Remarkably, the CNN consumed only 47 s to analyze more than 2000 test images. This high rate of speed to recognize and judge images is not achievable by humans. In 2016, an endoscopic mass screening program for gastric cancer was started in Japan. This program requires a time-consuming double checking of endoscopic images, which produces a heavy burden on clinicians. The CNN system will remarkably improve this situation if introduced as a supporting tool. Furthermore, the procedure can be performed completely “online,” thereby addressing the problem of insufficient numbers of endoscopists in remote and rural areas as well as in developing countries as a telemedicine tool. Thus, in the near future, an AI-based diagnostic system might generate major global changes in the endoscopic diagnoses of gastric cancer.

This study has several limitations. First, we used only high-quality endoscopic images for the training and test image sets. If there is less insufflation of air, post-biopsy bleeding, halation, blur, defocus, or mucus, the CNN will make a mistake in judgment (although the same occurs with endoscopists) [33]. Second, we collected a vast number of training set images from the beginning to establish a good accuracy of the CNN, but did not try other numbers of training set images. More training images might result in a more accurate diagnostic ability of the CNN. However, in this study, we did not examine the association of the number of training images and the CNN accuracy, which seems to be an issue to solve in the future studies. Third, we used only gastric cancer cases for the test image sets. The frequency of gastric cancer cases in an endoscopic mass survey would be extremely low. Fourth, because 161 false-positive lesions were not histologically proven, occult cancerous lesions may be included among them. Fifth, despite the fact that he has over 10 years of experience working at a cancer specialty hospital and has diagnosed more than 6000 cases of gastric cancer, a single endoscopist manually marked the training and test image sets of gastric cancer. Sixth, we did not compare the diagnostic accuracy of the CNN with that of endoscopists. Seventh, all test images were provided by the same type of endoscope (GIF-H290Z) and endoscopic video system (EVIS LUCERA ELITE CV-290/CLV-290SL) and did not include images obtained from other endoscopic devices. Finally, in verifying other test images, including those of non-gastric cancer cases, incorporating the CNN system in daily clinical practice will be necessary because all the test images consisted of gastric cancer cases. We are currently planning a multicenter trial to tackle these limitations and further validate the capabilities of the CNN system using endoscopic mass survey screening images.

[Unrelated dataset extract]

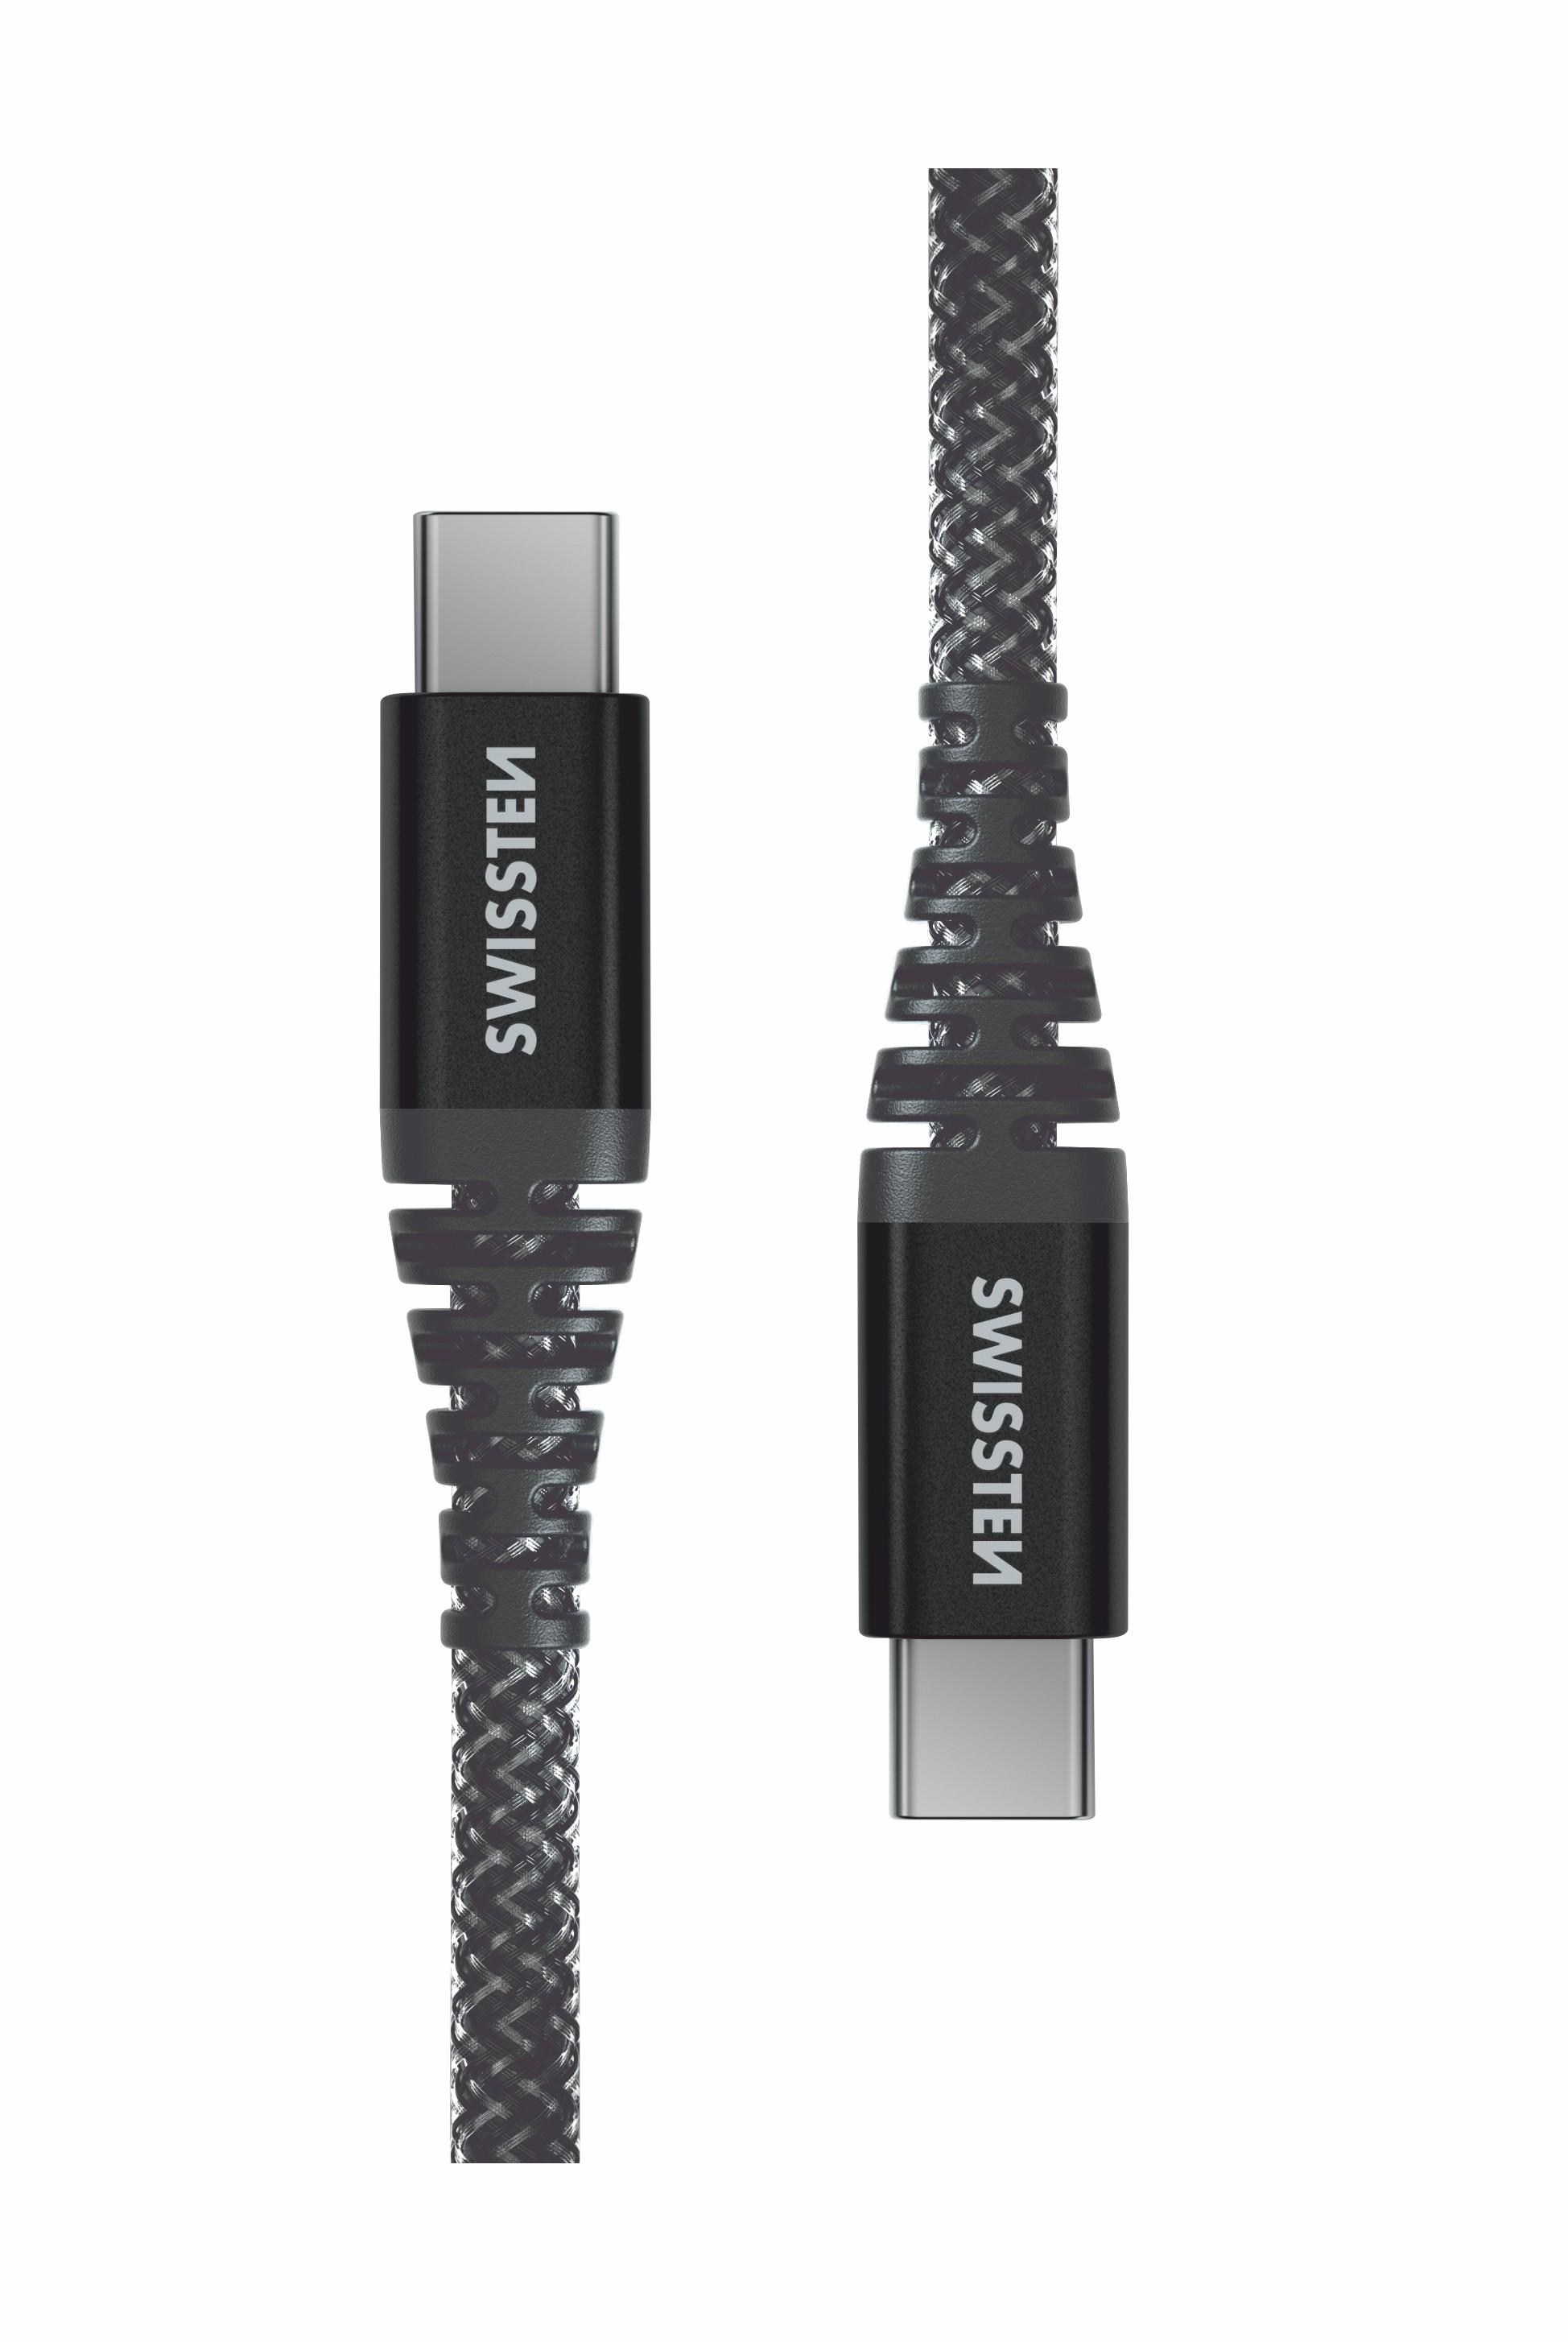 Swissten kevlarový datový kabel USB-C / USB-C 1.5 M antracitový

In conclusion, we developed a CNN system for detecting gastric cancer using stored endoscopic images, which processed extensive independent images in a very short time. The clinically relevant diagnostic ability of the CNN offers a promising applicability to daily clinical practice for reducing the burden of endoscopists as well as telemedicine in remote and rural areas as well as in developing countries where the number of endoscopists is limited.